Каммингс выделяет три условных «поколения» «литературного журнализма»: Твен и Хемингуэй, Оруэлл и Эйджи и «новый журнализм». Представители первого не претендовали на лавры «изобретателей» новой литературной формы и не называли свою работу журналистикой (хотя и М. Твен, и Э. Хемингуэй работали журналистами).

Опыт Дж. Оруэлла, описанный во «Вспоминая войну в Испании», тоже нельзя назвать журналистикой; по утверждению самого писателя, он взялся за документалистику потому, что хотел сказать правду о войне, опровергнув уже сказанную ложь, привлечь внимание к определенным деталям и быть услышанным.

Что касается Дж. Эйджи, он всячески открещивался от звания «журналиста», полагая журналистику неспособной проникнуть в суть многих сфер путем ответов на поверхностные вопросы «Кто?» «Что?», «Где?», «Когда?», «Почему?», «Как?»2.

В чем же вклад «новых журналистов» в эволюцию «литературного журнализма»? Как справедливо отмечает Каммингс, они оказались первыми, о ком разгорелась живая дискуссия. Впервые в истории «литературного журнализма» о его представителях заговорили как о движении: до этого большинству писателей, экспериментирующих с невыдуманной прозой, казалось, приходилось работать в одиночку. Разумеется, толчок этому дал Том Вулф – сначала серией статей-манифестов, а потом и книгой «Новая журналистика». (Впрочем, по утверждению самого же Вулфа, никакого движения не было.)

Ключевыми для понимания «нового журнализма» явились рассуждения К. Каммингса об отношениях понятий «литературный журнализм» и «традиционный журнализм» (conventional journalism). Исследователь обнаруживает, что хотя у представителей обеих традиций основная цель одна – документализация истории, «литературный журнализм» отличает от «традиционного журнализма» понимание объективности. Для «традиционного журнализма» объективность (objectivity) – это беспристрастность (detachment). Чем холоднее голова журналиста, когда он пишет, – тем лучше, объективнее текст. Эту истину с давних пор культивировала именно американская журналистика.

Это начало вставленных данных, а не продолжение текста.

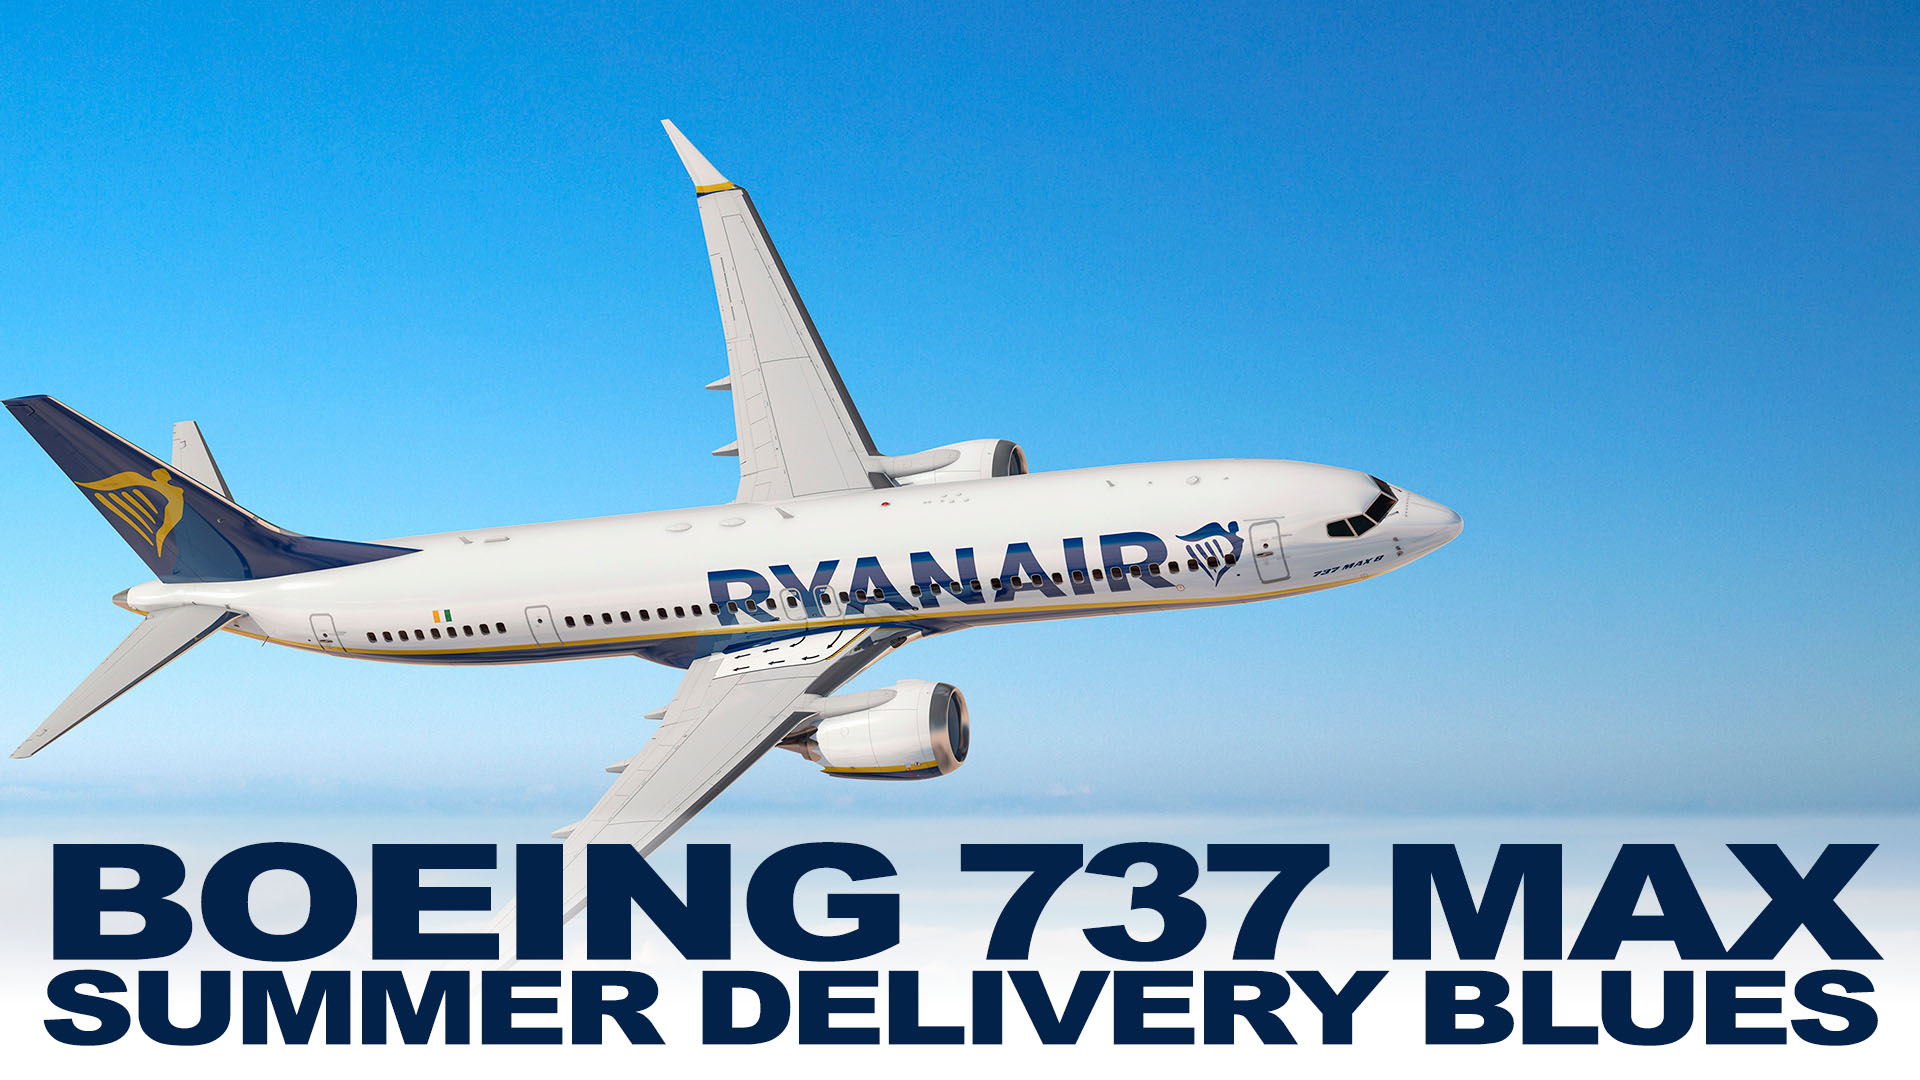 737 MAX Production Delivery Delay Ryanair 737 MAX
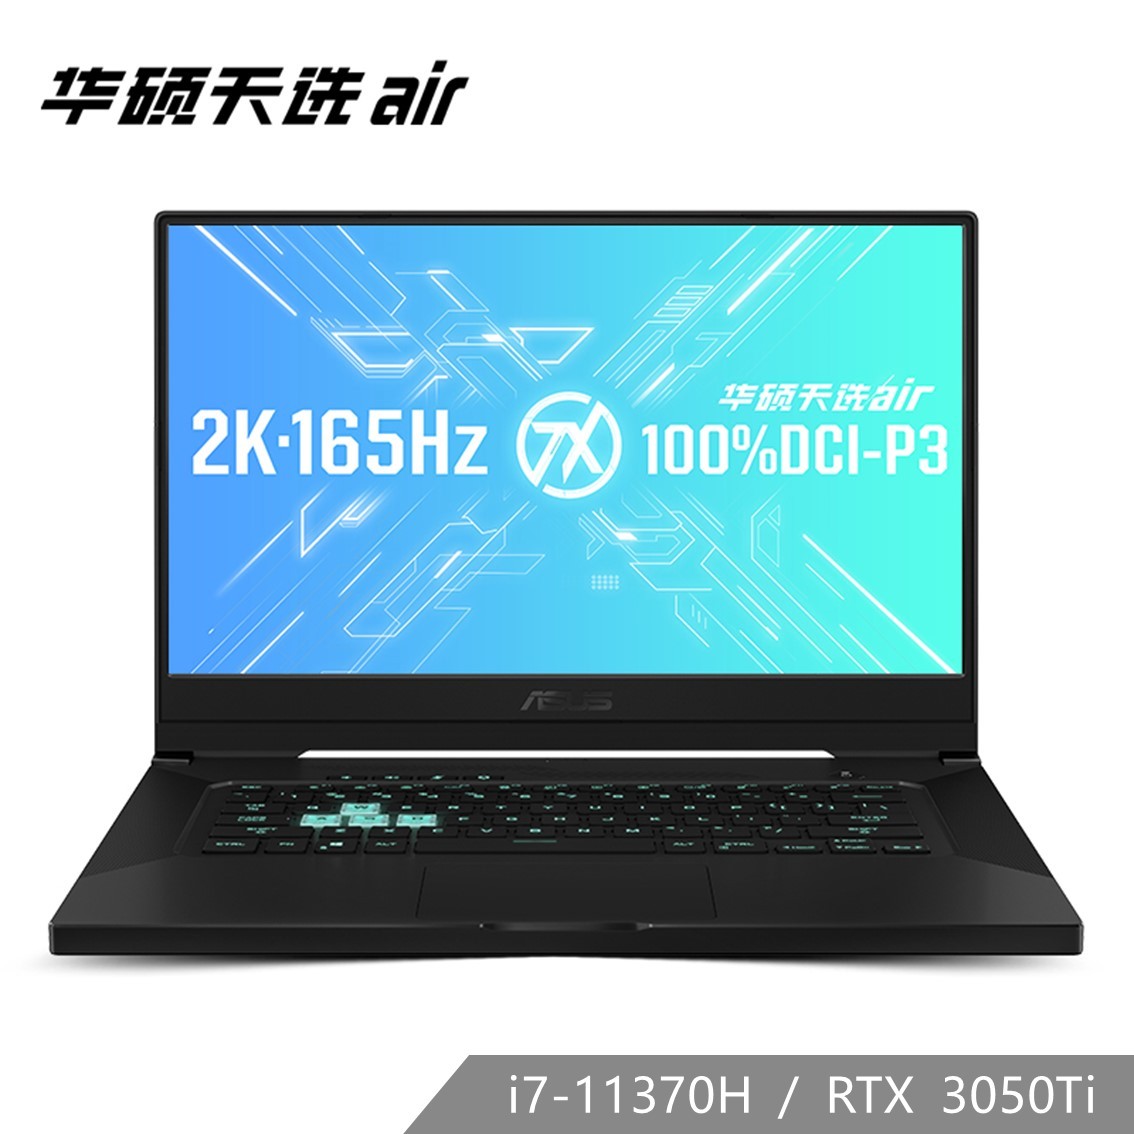 天选air 月曜白 11代i7 RTX3050Ti 165Hz 2K全能本笔记本电脑-15.6英寸（Win10/i7-11370H/16G/512 SSD/RTX3050Ti/100%sDCI-P3）

В иной ситуации находится «литературный журнализм» (как и «новый журнализм»): невозможно оставаться беспристрастным, когда речь идет об объективной передаче событий. Чтобы быть максимально правдивым с читателем, необходимо пропустить происходящее через себя, интерпретировать его, не просто стать участником событий, вести «репортаж погружения».

Казалось бы, перед нами парадокс: для «новых журналистов» быть объективными значит описать свой субъективный опыт. О трансформации традиционной журналистской объективности пишет в своем исследовании Д. Харитонов: она уступила место «субъективности автора и/или мощной полифонии»1. Однако к достоверному отображению действительности «новые журналисты» относились с прежним тщанием: «всякий субъективный комментарий, по Вулфу, должен сопутствовать “объективной” картине, предельно подробному и внятному описанию ситуации»2.

В случае с «новыми журналистами», говоря словами Л. Я. Гинзбург, речь идет скорее об «установке на подлинность», которая не всегда равна «фактической точности»3.

Что же нового внес «новый журнализм», став частью истории и практики «литературного журнализма»? «So What’s New?» – «Что же нового?» – такой заголовок имели несколько критических статей современников о «новом журнализме». «Литературных журналистов» 1960-х отличает от их предшественников, работавших на рубеже веков XIX–XX, Л. Стеффенса и С. Крейна, историко-философская подоплека их творчества.

С. Крейн был натуралистом, тогда как «новые журналисты» в большинстве своем выражали, желая того или нет, идеи американского экзистенциализма (их в 1957 году по-своему выразил Н. Мейлер в своем эссе «Белый негр»2).

С. Крейн «охотился» за деталями быта, выписывал прозу жизни, подобно Э. Золя, потому что желал показать человека жертвой среды. «Крейну интереснее наблюдать человека, оказавшегося один на один со стихией, увязающего в “среде” – естественной или социальной – и становящегося ее пленником»3. «Новые журналисты» используют «романную форму», приемы, выработанные реализмом и модернизмом, чтобы показать неоднозначность любых решений, уязвимость человека в условиях современной реальности, его «богооставленность» и ответственность за свой выбор.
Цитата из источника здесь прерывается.